What is the best way to migrate data selectively (using dimension filter) from one druid cluster to another one?

We need this for client-wise data migration, so every migration needs a filter that picks data only for the given client.

Any information/thoughts will be helpful

Thanks

Ashish

Hi Ashish, without fully understanding what you are trying to do, I don’t think you need multiple Druid clusters for multiple clients.
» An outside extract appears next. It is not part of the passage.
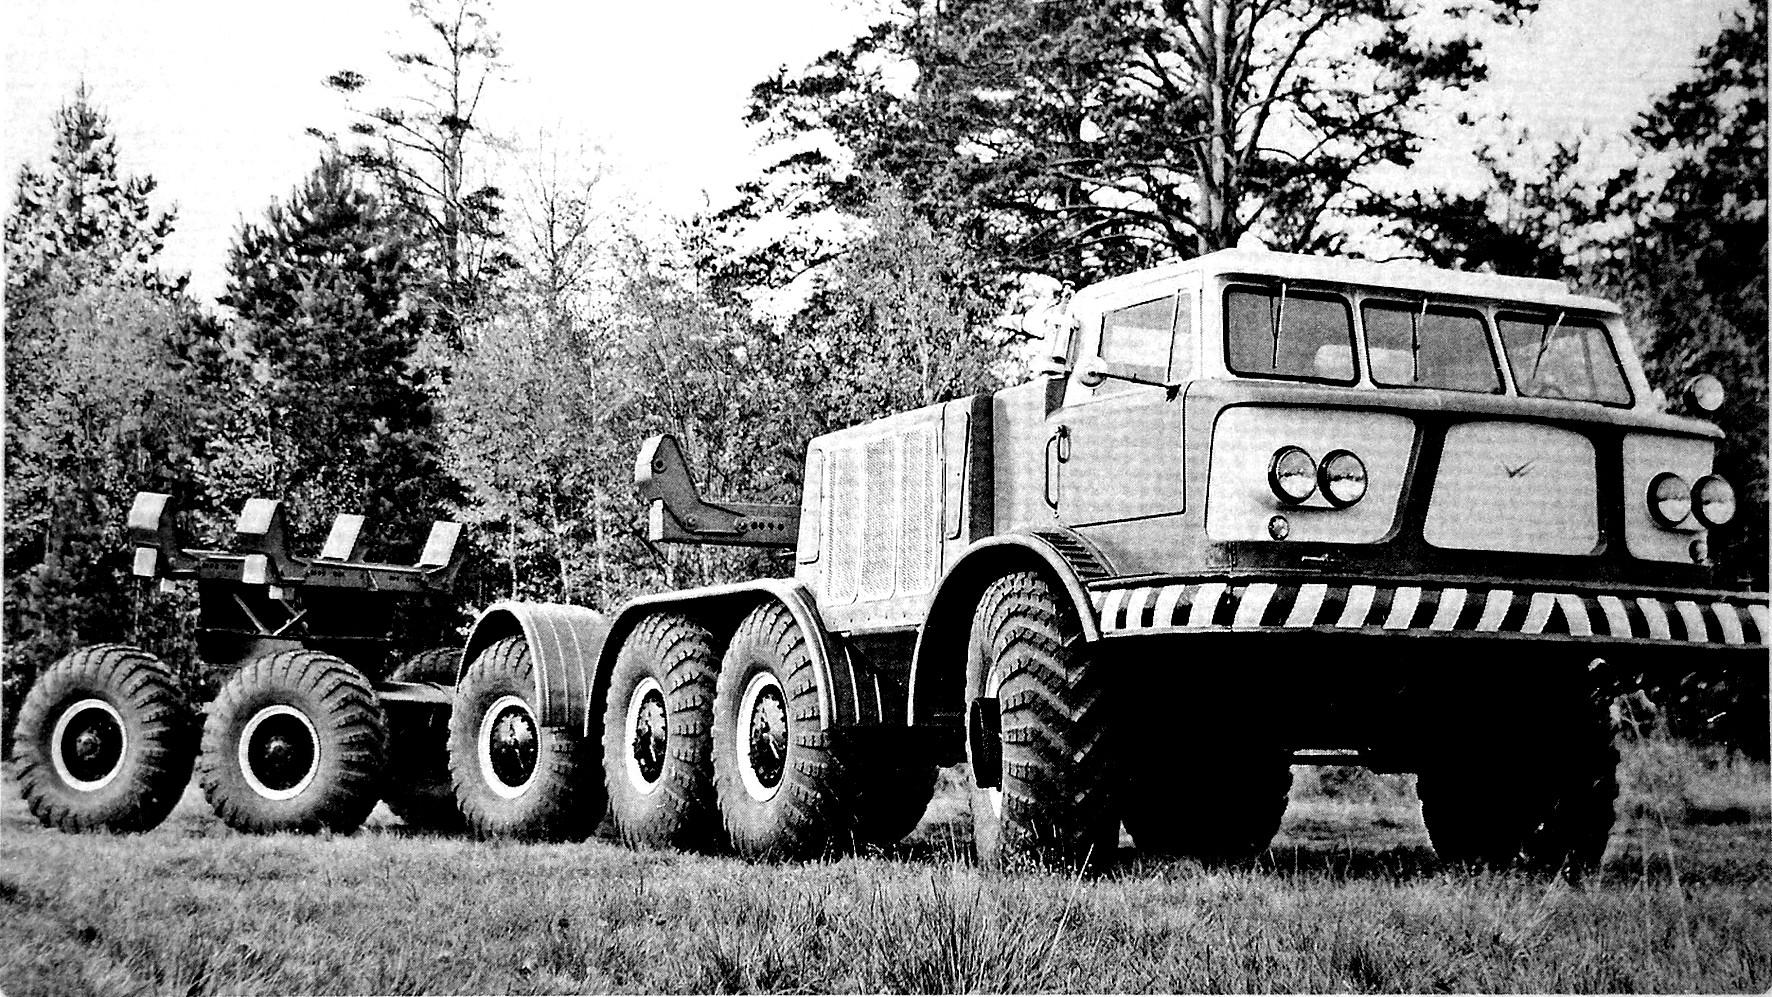 Испытания тягача ЗИЛ-135ЛБ с роспуском для перевозки труб. 1965 год
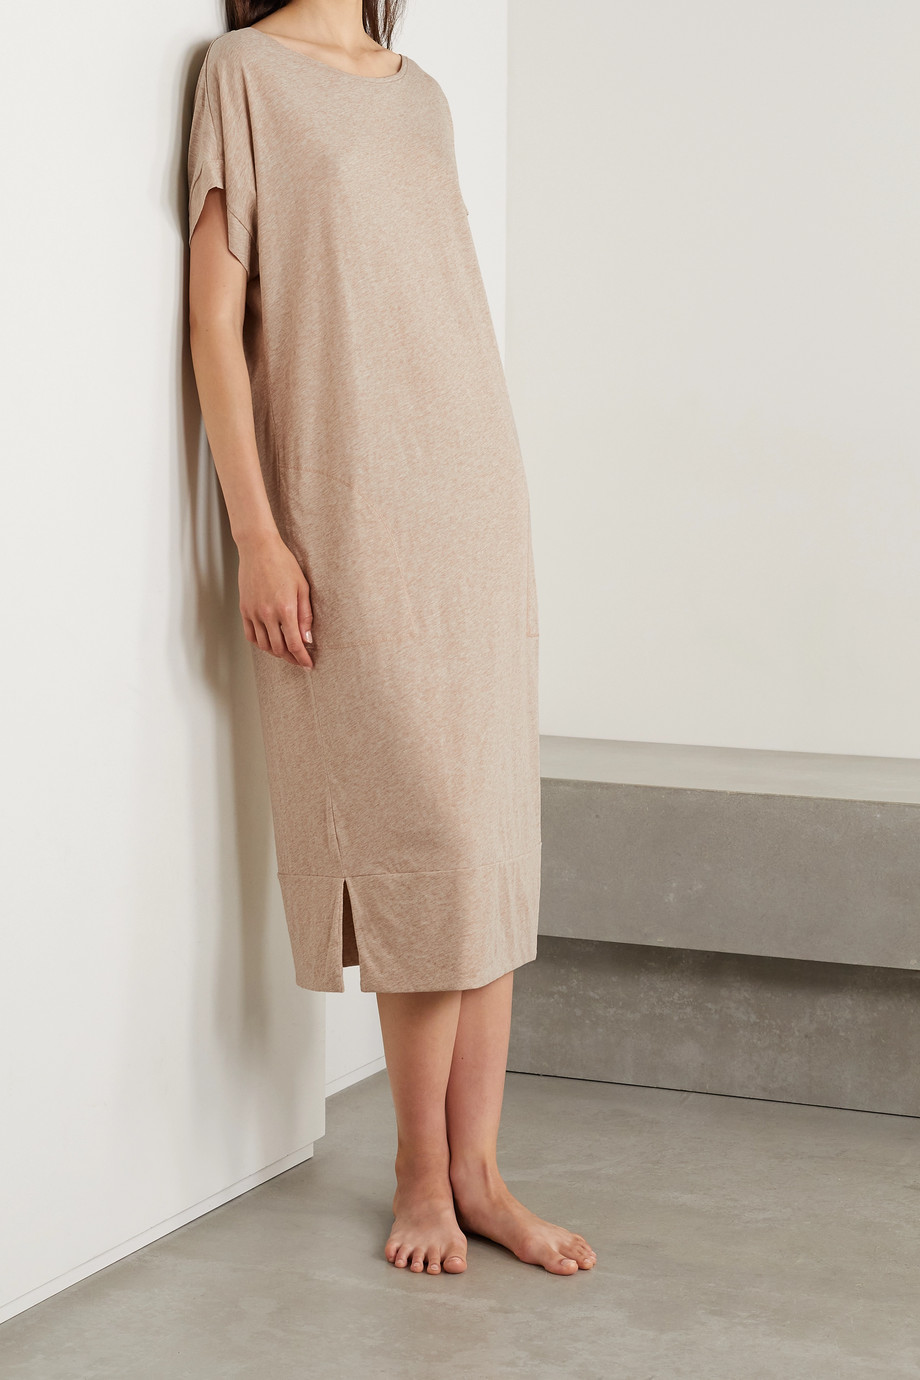 Skin + NET SUSTAIN Cezanne organic Pima cotton-jersey nightdress

You can have multiple datasources for clients or even have a large datasource for all client data and have your appl do the filtering.

See: http://druid.io/docs/0.9.1.1/querying/multitenancy.html

Thanks Fangjin for your response.

The requirement is to move data selectively to another Druid installation.

If druid supports some kind of backup-restore function, where backup can be made using a dimension filter, and it can be restored on another Druid installation, that serves the purpose.

Even if backup-restore can be done only for the whole datasource (without filter), we can create separate datasources, and that serves the purpose.

So is there way to clone a datasource to another Druid installation?

It will be even better if it can be done with a filter to pick data selectively

The easiest way to migrate data to another Druid cluster, assuming that the same deep storage can be used, is to copy the original metadata segment table to the next metadata table for the new installation. You can selectively copy information about which segments you require.

– FJ

In this case, will multiple druid coordinators (from different clusters having their own coordinator and postgres metadata store) be trying to manage the same segments?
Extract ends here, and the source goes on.